In 2001 in the Netherlands, same sex marriages became, for the first time anywhere, legal.
The first legally sanctioned gay marriage ceremony in the United States took place in San Francisco in 2004.
Steve Jobs and Apple released the original iPhone on June 29, 2007. Subsequent improved models of the iPhone and of competing and less expensive portable phones would make it possible for people, just about wherever they happened to be, to communicate with each other and, soon enough, to access entertainment and information from just about anywhere in the world.
In 2012 Colorado and Washington became the first states to legalize recreational use of marijuana. Recreational use of marijuana was legal in 14 states by 2020.
In 2015, the U.S. Supreme Court struck down all state bans on same-sex marriage, legalized it in all 50 states, and required states to honor out-of-state same-sex marriage licenses.
Between 2000 and 2019, the rate of new cancer cases per 100,000 people declined by 5.4%, while the annual mortality rate fell by more than 26 percent.

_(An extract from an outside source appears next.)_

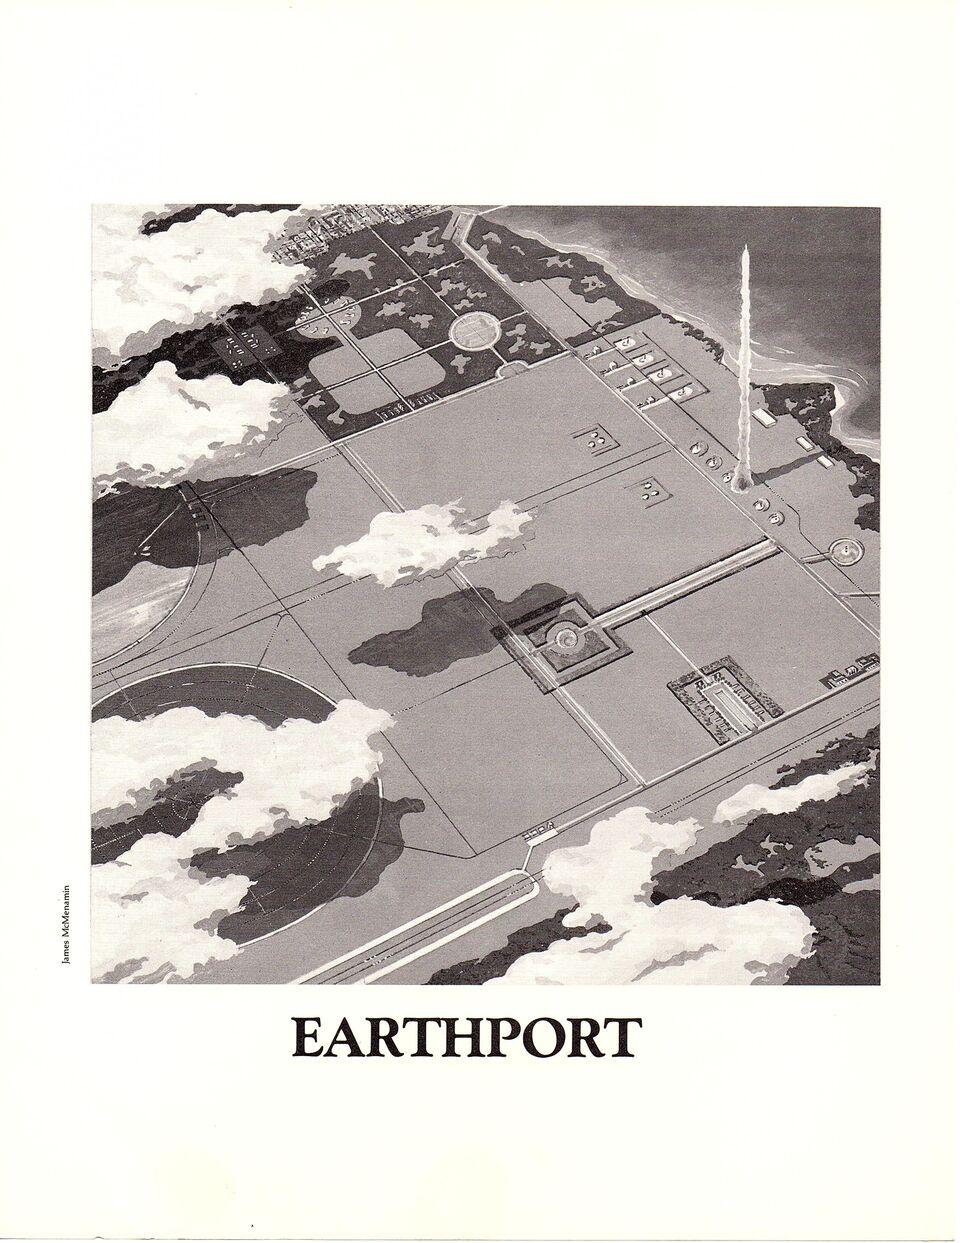 59cbf465d7d51800012f81b2_Earthport Cover picture.jpg
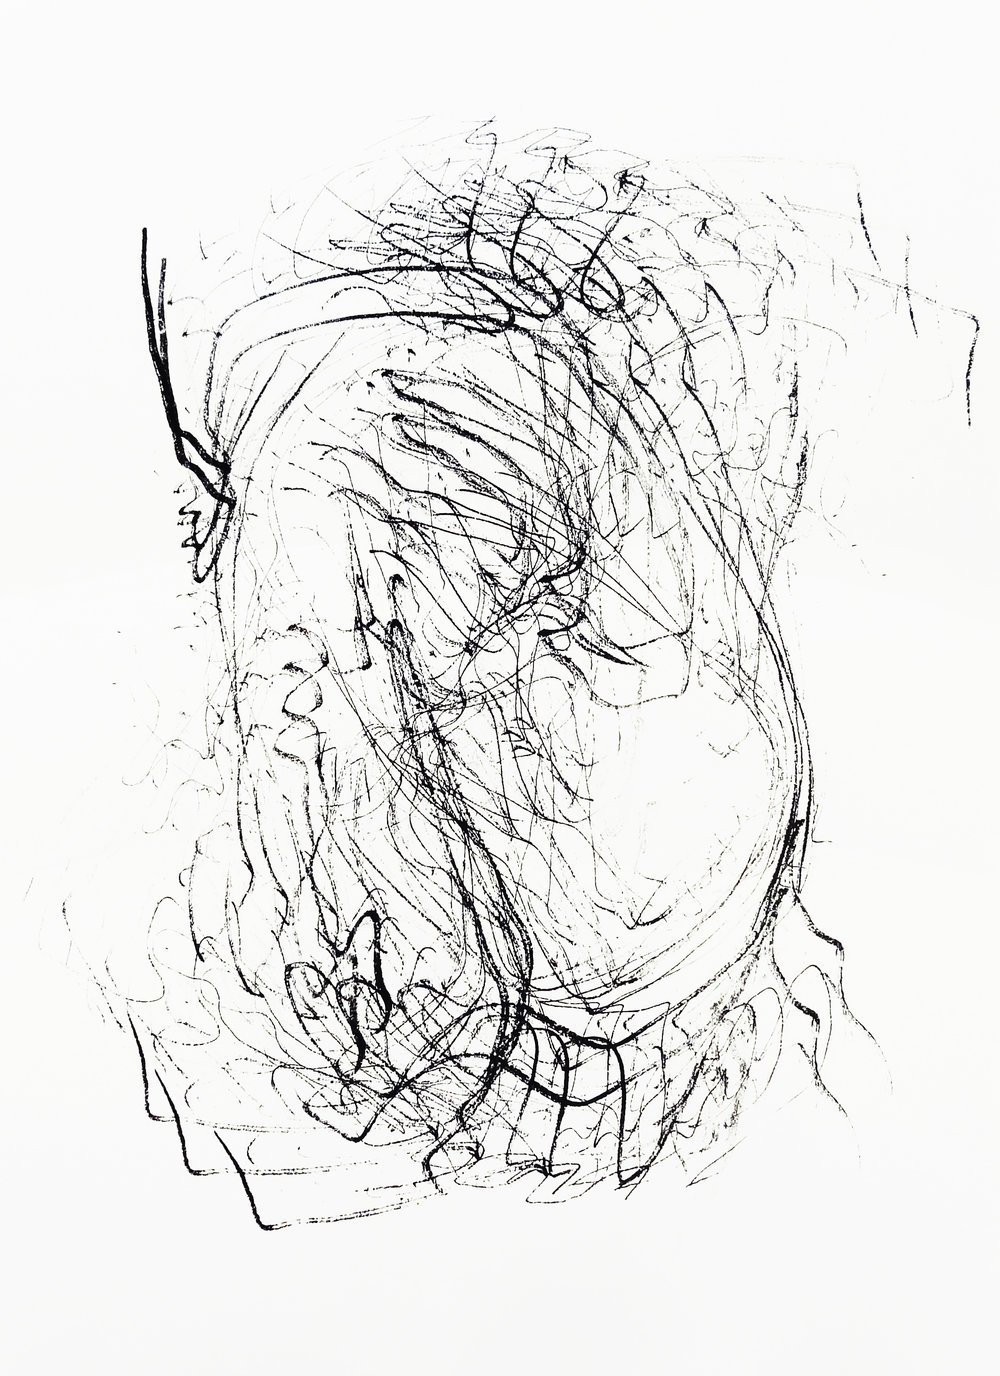 Untitled, 2015 acrylic on paper one-off screenprint 42,0 x 29,7 cm (7-15)

In 2019, 9.2 percent of the world’s population that lived in extreme poverty. That number had been 36 percent about 30 years early.
Life expectancy at birth in the United States in 2022 for men was 74.8 years for men and 80.2 years for women. Men and women are now expected to live almost a decade longer that we were expected to live in 1950.
Injustices and unfairness—between countries, within countries—are rife and show no sign of declining. Democracy is no longer growing in the world. Indeed, it appears to be shrinking. Tragedy, illness and premature death, is omnipresent and continues to be distributed inequitably. The poor in almost any context suffer more than the rich.
The many comforts and conveniences to which we have become addicted—including, in particular, automobiles and airplanes and air conditioning—have contributed to a mammoth new problem: global warming, which we have left, shamefully, for the generations that follow ours.
But have we not cleaned up some of the worst despoilments of the environment? Have we not helped make the world somewhat more comfortable, less violent, more tolerant. And have we not, as a generation—overall, in the end, with exceptions—been lucky?